In conclusion, we developed an optimized dual-cover microfluidic chip for plasma separation without channel clogging and red blood cell leakage using a membrane filter, two cover designs, and NIs. The developed system successfully satisfied four requirements for POCT plasma separation. Our system accomplished (1) the use of whole blood, (2) high extraction yields of 36–45% within 100 μL, (3) 16 min of operating time, and (4) powerless operation. The developed chip exhibited 20–25% plasma extraction efficiency, which significantly improved upon previous powerless membrane filter techniques. However, operation time is still longer than other active plasma extraction methods, which could be reduced by an additional optimization of filter membrane, channel structure, and characteristics of channel surface. Integration with small and easy instrumentation, i.e., hand-powered pump [50] could be additional solution to reduce the required operation time. Possible absorption of target proteins to the filter membrane could limit highly sensitive detection.
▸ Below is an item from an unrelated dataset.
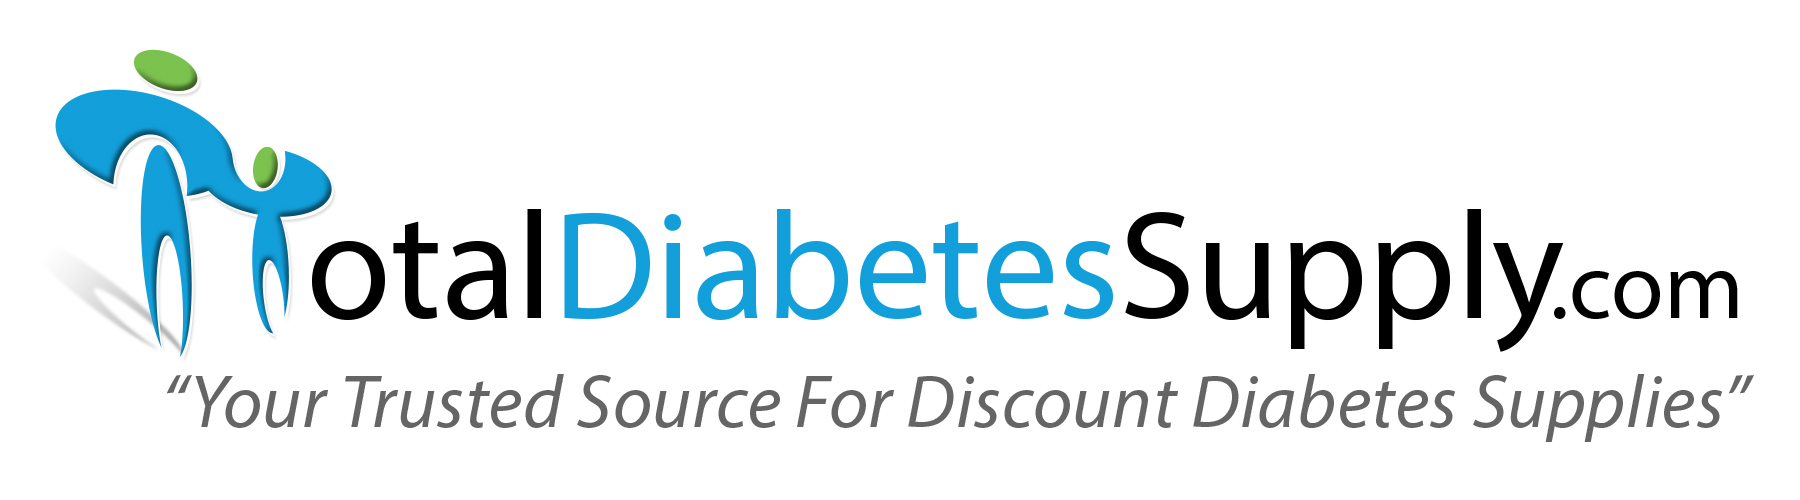 7.Total Diabetes Supply

We expect that our system could be applied for the detection of diseases with only ~20 µL plasma, for analysis via integration of immunoassay technology into the downstream portion of the straight channel. The developed device to be improved as an on-chip immunoassay platform using whole blood, by integrating our previous published protocols using diluted plasma [31,32]. Despite the successful development of a powerless plasma separation platform, we need to investigate the number of blood cells in the extracted plasma and to validate the recovery rate of proteins, metabolites, and nucleic acids for diagnostic applications in future studies.